与党による安全保障関連法案の強行採決については、当然と言うべきか、多くの方々が様々な意見を述べています。
感覚としては、これも当然と言うべきか、批判的な意見が多いように思われます。どちらかといえば、法案の内容自体に反対というよりも、衆議院憲法審査会に招かれた憲法学者の憲法違反という意見を一向に顧みず、勉強会で議員が報道機関に圧力をかけることを望むような発言し、それに続いての強行採決ということで、その自民党の傲慢ともいえる態度が批判を集めているように感じます。
このような批判の声の背景には、この国の在り方は国民の意思なくして決めさせないという思いがあるのではないでしょうか。政治への当事者意識が国民の中で大きくなり始めているのだとしたら、それは大変望ましいことだと思います。
そのような中、大変気になる論調が目につきます。安倍政権は安全保障関連法の整備を公約にして選挙に勝利したのだから、安全保障関連法を成立させることが「民意」なのだというものです。
インターネット上の意見だけでなく、7月16日の産経新聞でも、「安倍政権は昨年7月、集団的自衛権の限定行使を可能とする憲法解釈変更を閣議決定した。それに伴う法制の整備を唱えて昨年末の衆院選で勝利した。」「与党が公約した政策を進めるのは議会制民主主義の常識だ。安保法制の整備は、野党の言うように突然、降ってわいた話ではないと改めて指摘しておきたい。」とされています。
http://www.sankei.com/column/news/150716/clm1507160003-n1.html
これは発想が逆です。
民意を政治に反映させるシステムが選挙なのであって、選挙で勝った政党の主張が民意なのではありません。もちろん、選挙が健全に機能すれば、民意と選挙で勝った政党の主張は一致する場合が多いでしょうが、民意を反映させるという選挙の機能は決して完全ではありません。
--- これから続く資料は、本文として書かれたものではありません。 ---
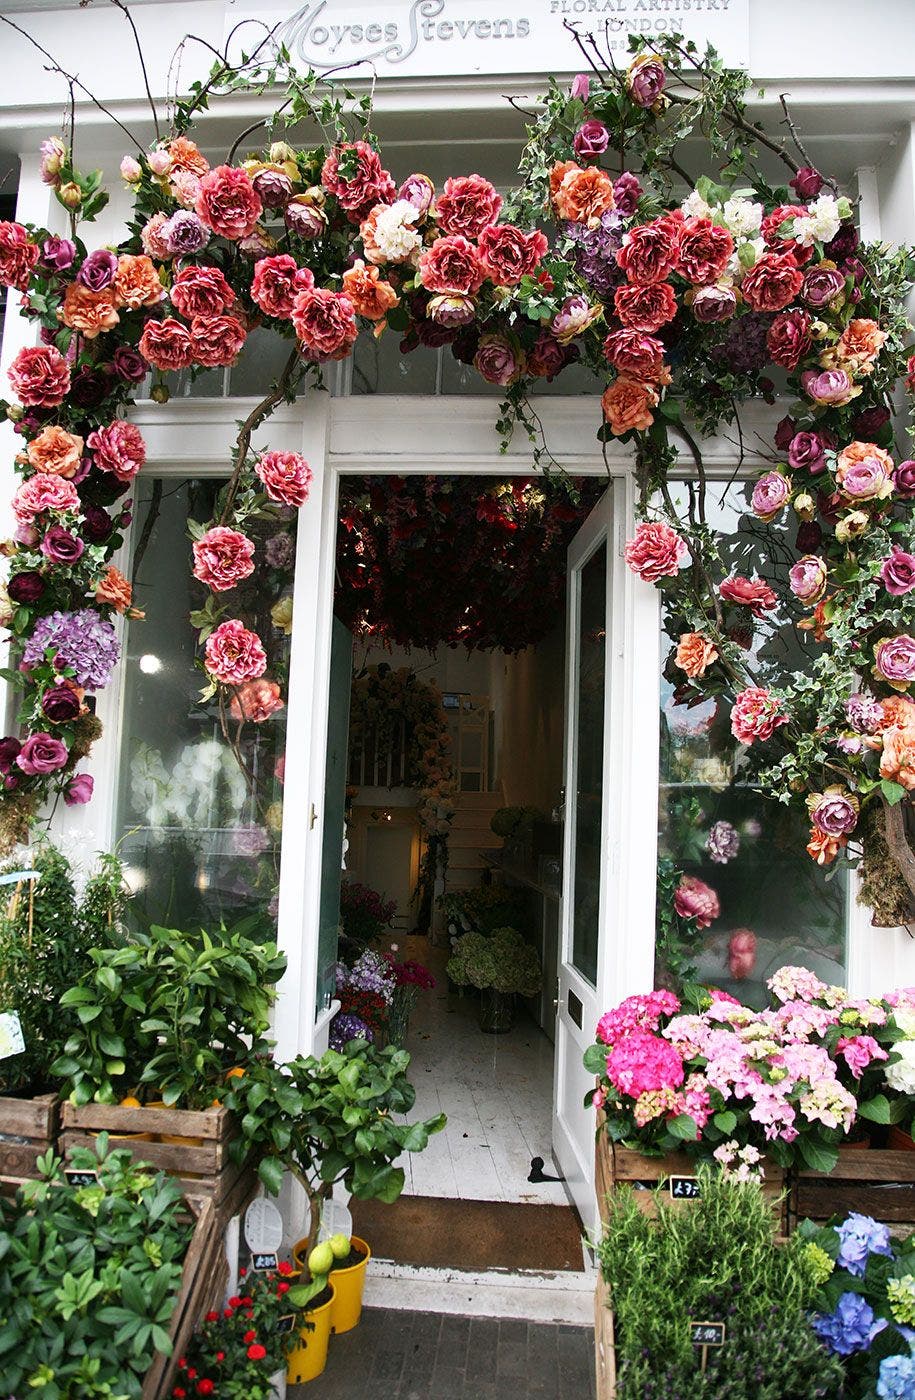 La exclusiva tienda de flores Moyses Stevens. Foto Manena Munar.

民意は、今まさに国民が持っている意思です。それに反していれば、選挙に勝った政党の主張であろうが、関係ありません。
「僕が気に入らなければ、選挙で落とせばいい。」と豪語した橋下大阪市長は、その大阪都構想を住民投票で否定されました。この件については、どちらが民意だったのかというのは難しいところでもありますが、選挙に勝った政党の主張と民意が一致しない場合があることを表す一例とはいえると思います。
確かに、民意は捉えどころのないものです。しかし、ある程度適切に時間をかければ、少しずつ、その民意は具体的な形になっていくでしょう。それを促し、そしてそれを政策に反映させることこそ、政治の役割なのではないでしょうか。
選挙で勝ったのだから、我が声こそ民意だというのは、詭弁的で自己中心的です。昨年の衆議院議員選挙の特番で、池上彰さんが、安倍総理に対して、「安全保障の話をあまりしていなかったのではないか。」と指摘したことをご記憶の方も多いでしょう。
これから目指すべきは、異なる意見を持つ相手も受け入れて、大いに議論し、民意を深め重くしていくことではないでしょうか。選挙で勝った政党とはいえ、その民意に基づかない、軽い判断を行うことを許してはいけません。